[Data section]
------------------------------------------------------------------------

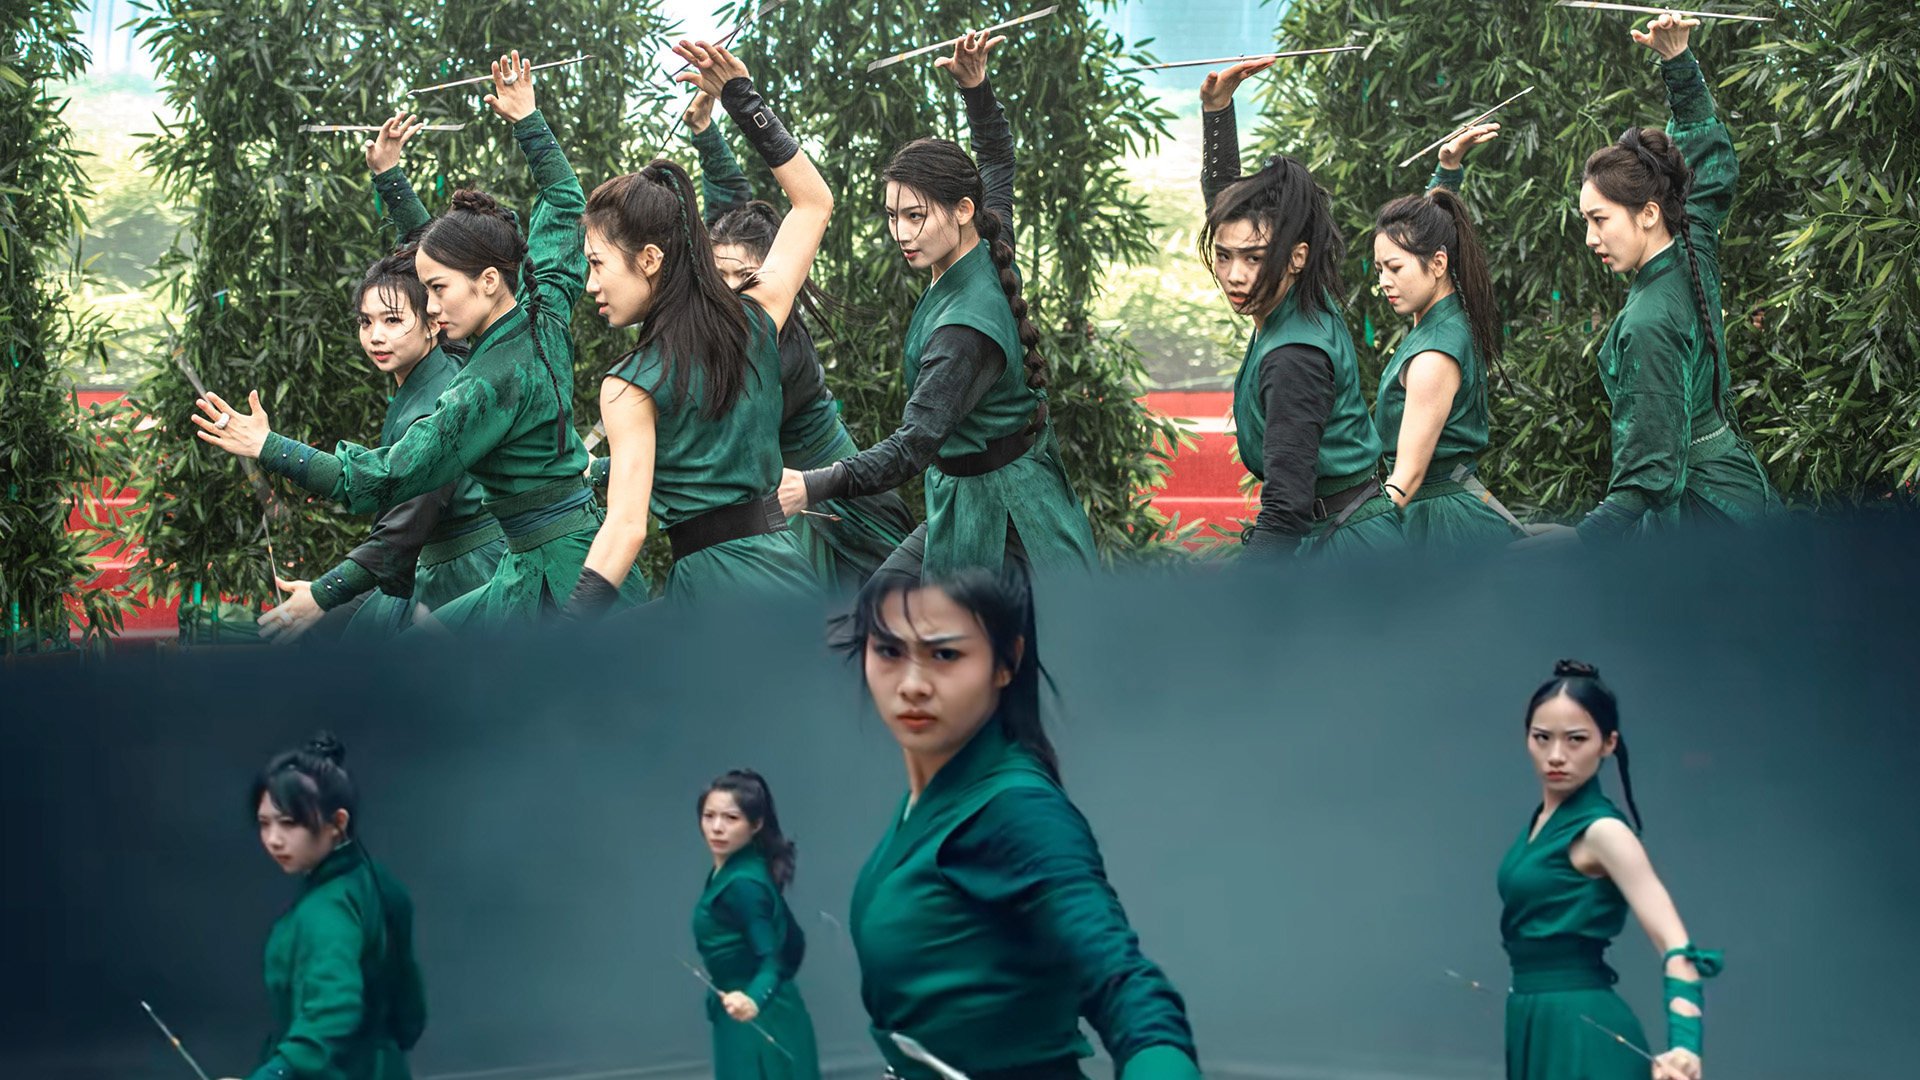 Since its launch in May, an all-female martial arts group in China has captivated audiences and garnered widespread attention, breathing new life into the ancient fighting genre. 
Photo: SCMP composite/Douyin/Weibo
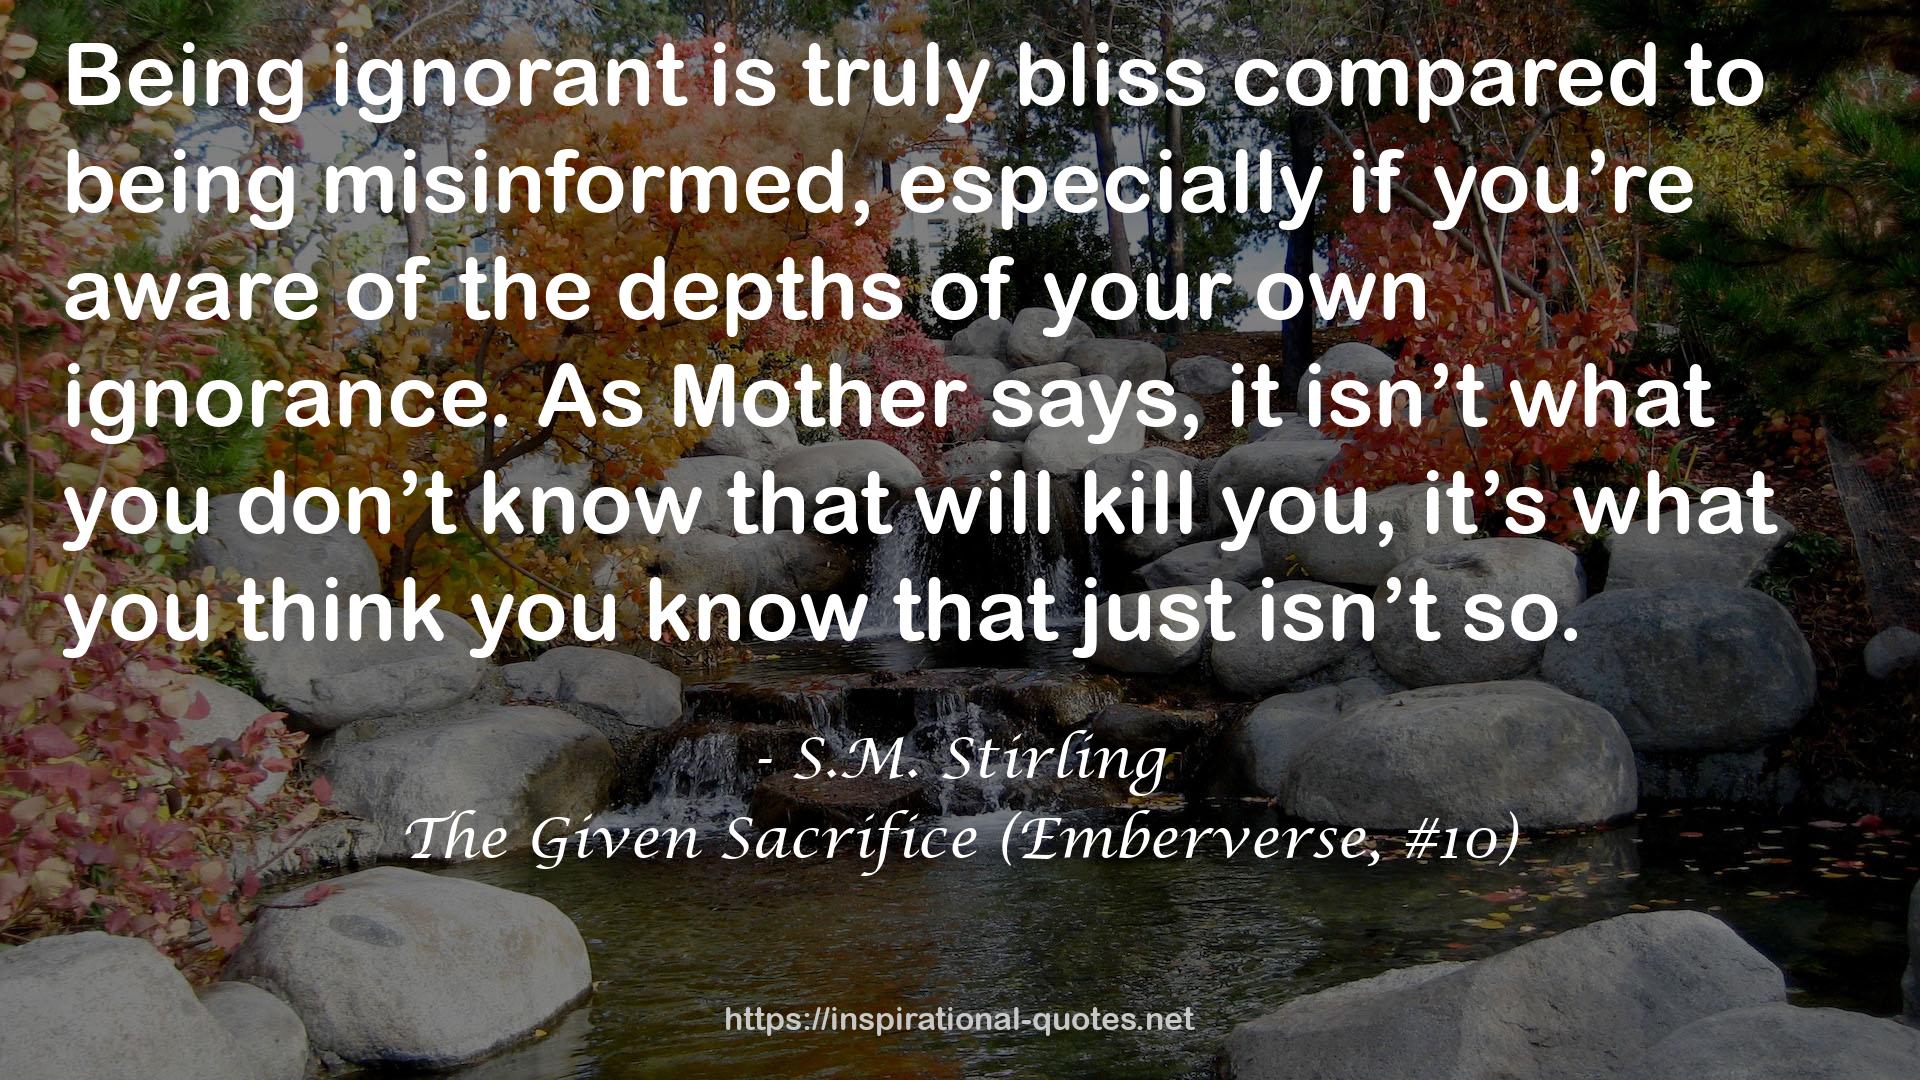 The Given Sacrifice (Emberverse, #10) QUOTES

------------------------------------------------------------------------

[Your objective] The copy must begin with the line containing "Photo: SCMP composite/Douyin/Weibo", end with the last line of the material, match each line exactly, and hold no pictures.

[Your solution]
Photo: SCMP composite/Douyin/Weibo
 The Given Sacrifice (Emberverse, #10) QUOTES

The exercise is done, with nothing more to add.